I think we determined this bug was unrelated to the PHP charset. PCRE relies on the system locale. See "Generic character types" at https://pcre.org/pcre.txt

#15 @miqrogroove
4 months ago

Edit: Doing some tests on Windows.

Last edited 4 months ago by miqrogroove (previous) (diff)

#16 @miqrogroove
4 months ago

Again, nothing to do with the PHP charset.

For Windows binaries, this behavior changed with v7.0 in 2015.
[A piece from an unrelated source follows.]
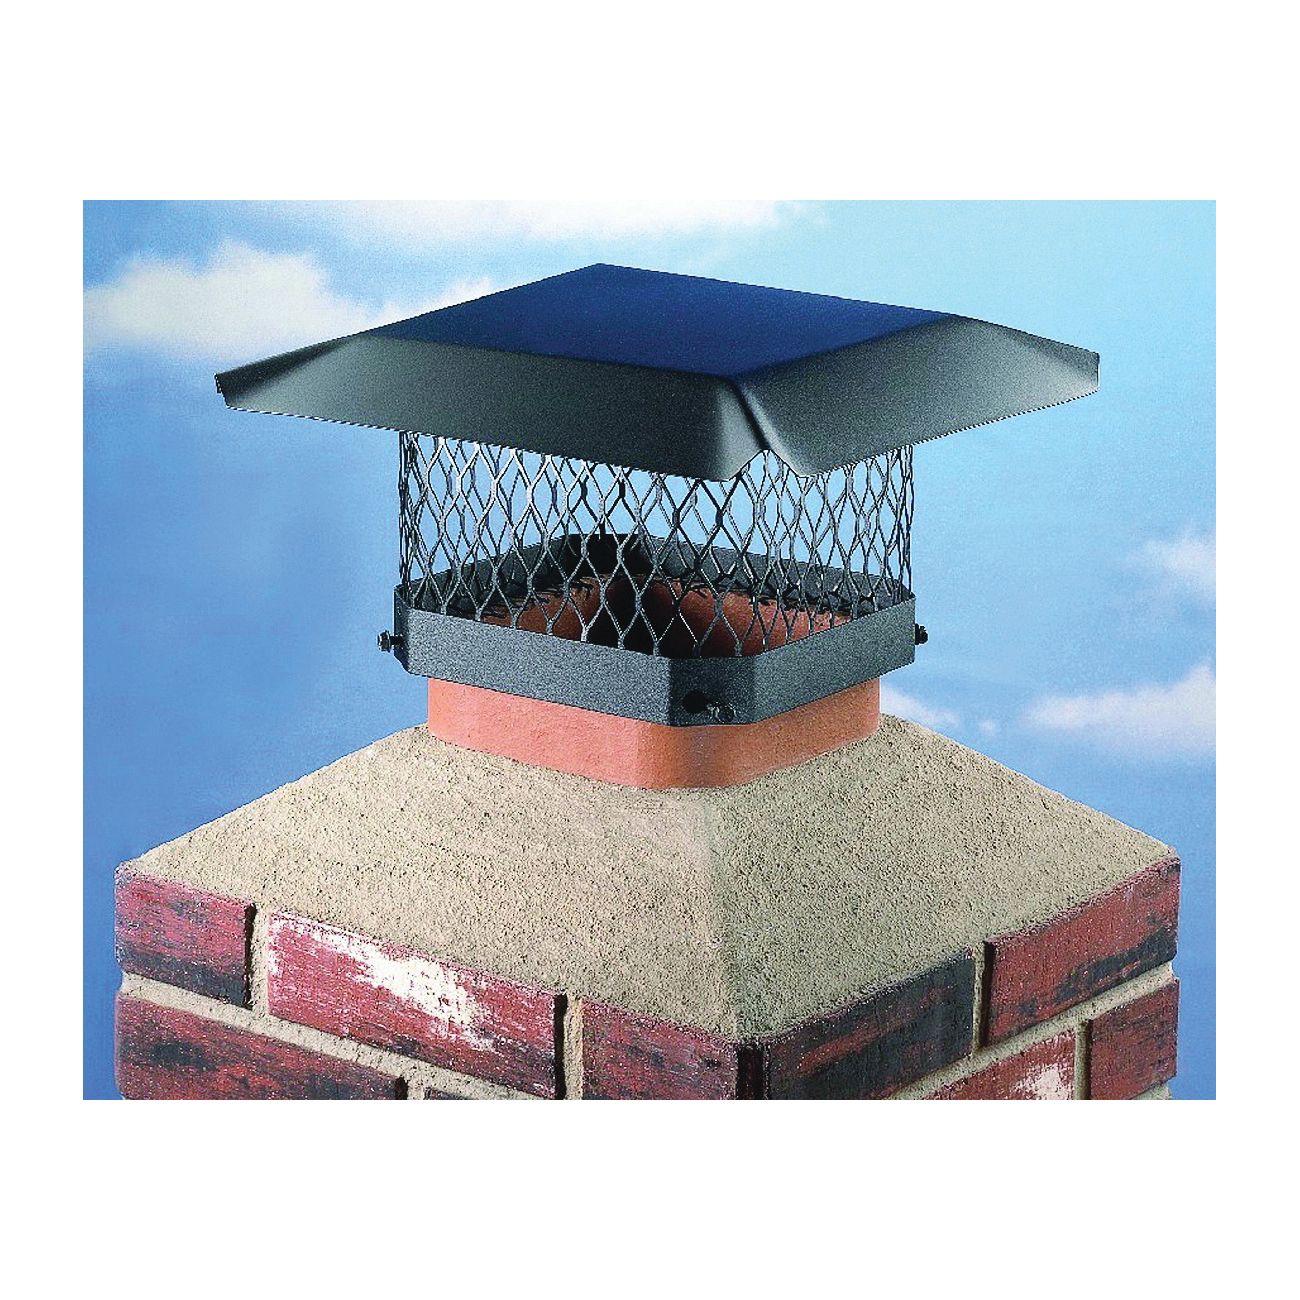 SC913 Shelter Chimney Cap, Steel, Black, Powder-Coated, Fits Duct Size: 7-1/2 x 11-1/2 to 9-1/2 x 13-1/2 in
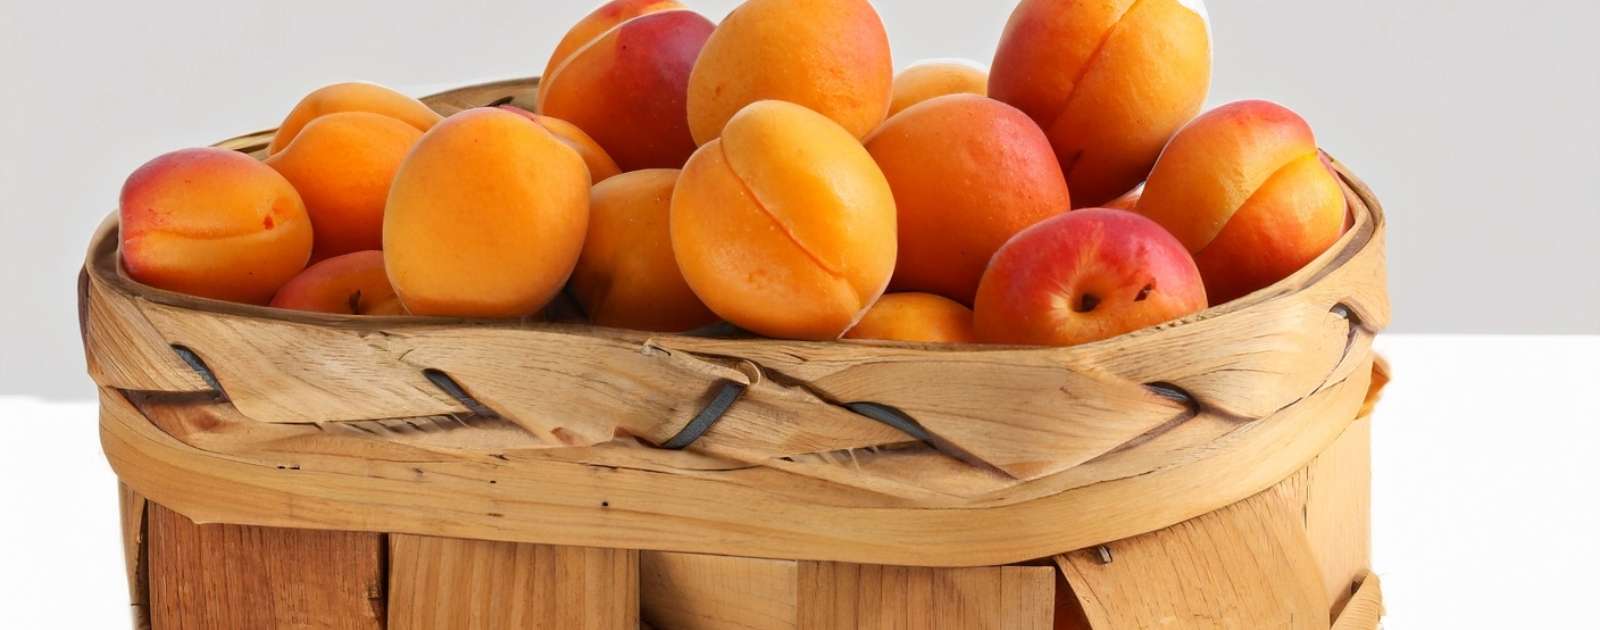 Brown Inside Peaches and Nectarines: Safety, Causes, and How to Tell If They're Bad

WordPress currently advertises PHP 7.2.24 and up so I see no concerns.

#17 @dmsnell
4 months ago

  • Resolution changed from wontfix to fixed

Thanks for the investigation @miqrogroove

In my testing I was unable to get 1 === preg_match( '/\s/', "one\xA0two" ) regardless of my LC_CTYPE, LC_ALL, and other charset-related ENV values or php.ini settings. I think we are in agreement that the PCRE functions simply don’t do anything special.

(I was able to get it to match when adding the u flag as long as I updated the bytes to \xC2\xA0 for the proper UTF-8 encoding of the NO-BREAK SPACE).

It would be nice to know for sure that they are operating simply on bytes (regardless of encoding) or on UTF-8 if provided the UTF-8 flag.


This makes me think that WordPress in all of its supported environments will not and cannot create this scenario. Does that sound right? If so, I believe that wontfix is still fine, or maybe invalid would be more appropriate.

#18 @dmsnell
4 months ago

  • Resolution changed from fixed to invalid

Sorry: it was not my intention to change the status of this ticket, and I think I must have mistakenly done that. I have reset it back to invalid instead of wontfix because I think it’s no longer possible to reproduce.

Note: See TracTickets for help on using tickets.